Nur ein bis zwei Stufen

„Die meisten Orte in der Öffentlichkeit sind nicht rollstuhlgerecht, wegen ein oder zwei Stufen. Das ist keine Raketenwissenschaft. Es ist eben ein Unterschied, ob jemand behindert ist oder behindert wird.“ Man müsse dieses Denken in einem Gesund-Krank-Schema überwinden.
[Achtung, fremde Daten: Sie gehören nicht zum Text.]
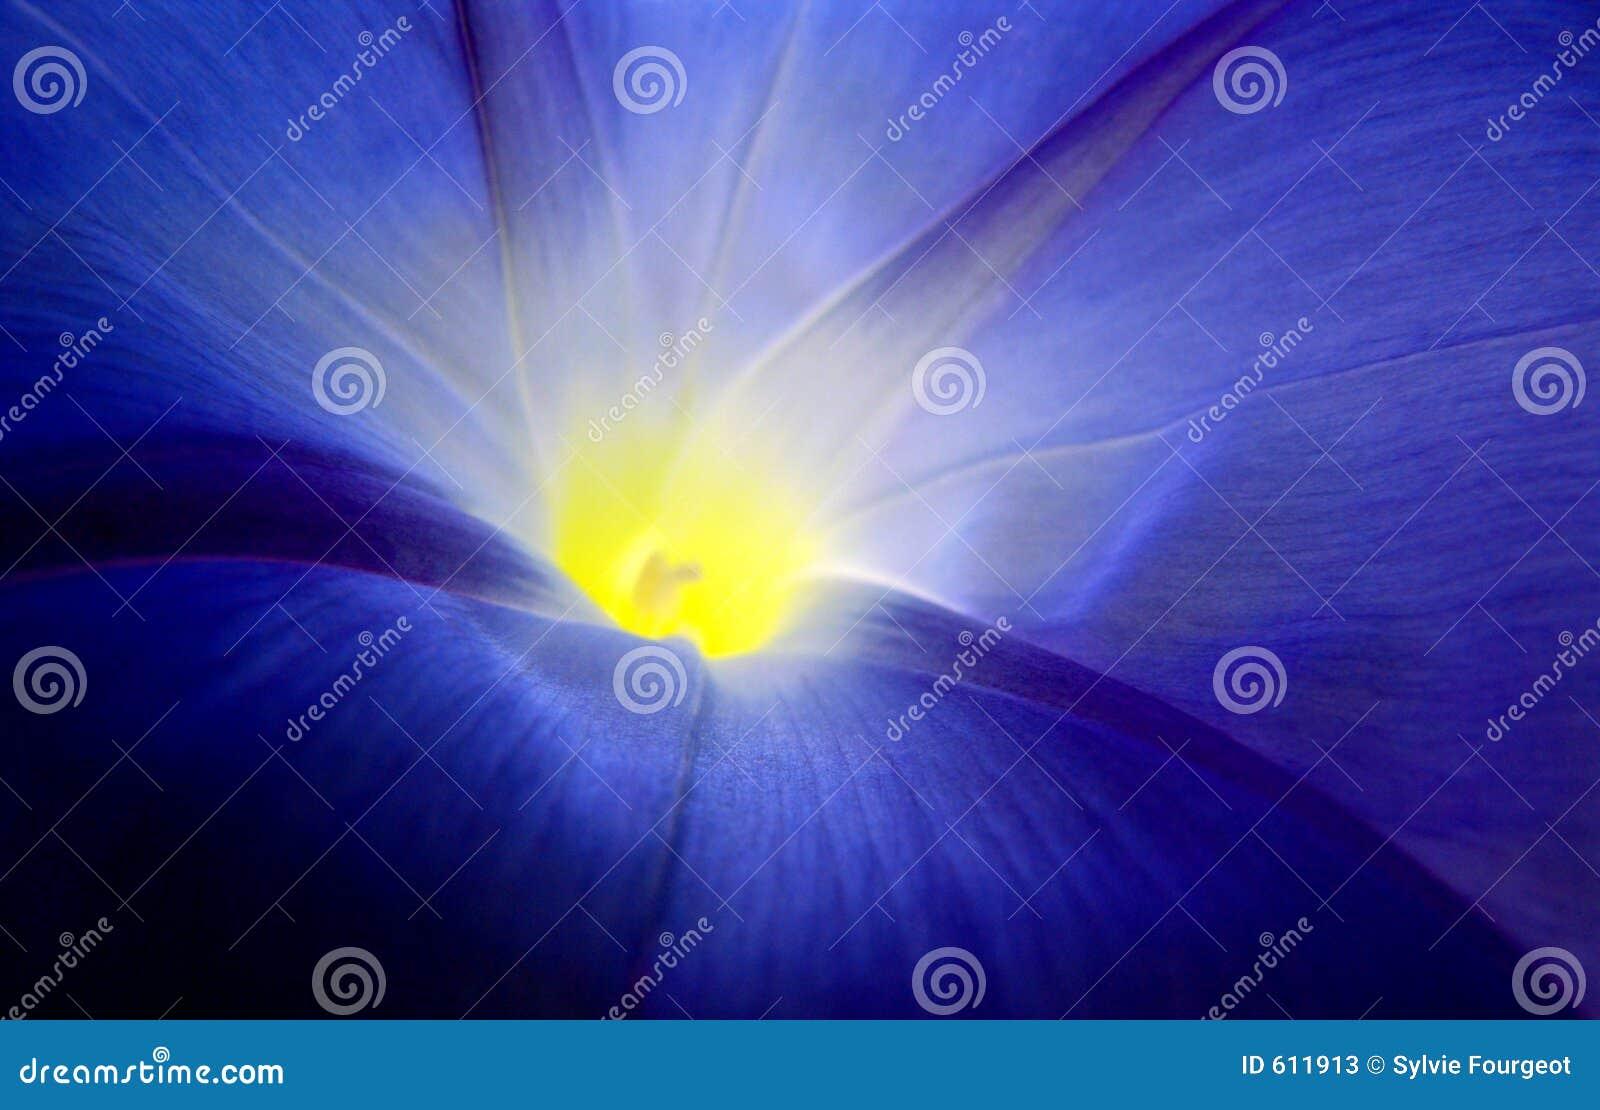 Liseron bleu.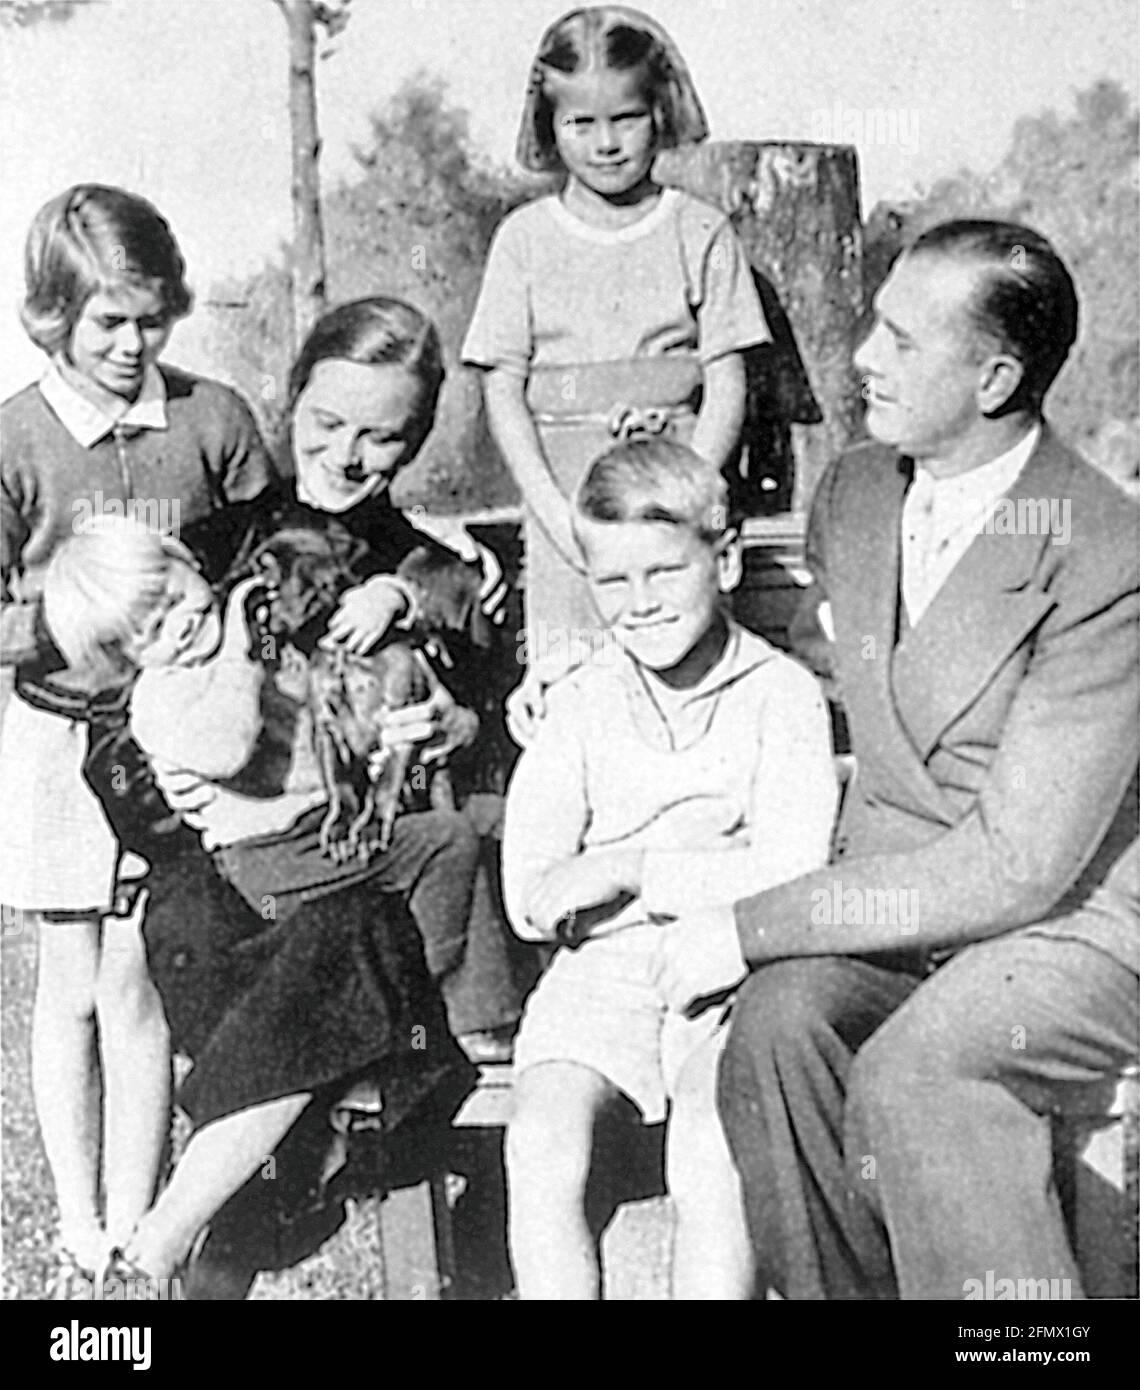 Kelly, Grace, 12.11.1929 - 14.9.1982, attrice americana, mezza lunghezza, Con i suoi fratelli, ULTERIORI-DIRITTI-AUTORIZZAZIONE-INFORMAZIONI-NON-DISPONIBILE Foto Stock

Die Inklusion sei erst dann erreicht, wenn auch Lehrer oder Minister eine Behinderung haben dürften. „Behinderte sind ja nicht plötzlich aus Erdlöchern aufgetaucht und wollen die Weltherrschaft an sich reißen.“

Mehr zum Thema: die-andersmacher.org; leidmedien.de

Zur Person: Raúl Aguayo-Krauthausen, geboren 15. Juli 1980 in Lima. Seit Oktober 2015 moderiert Krauthausen die Talkshow Krauthausen, Face to Face auf Sport 1.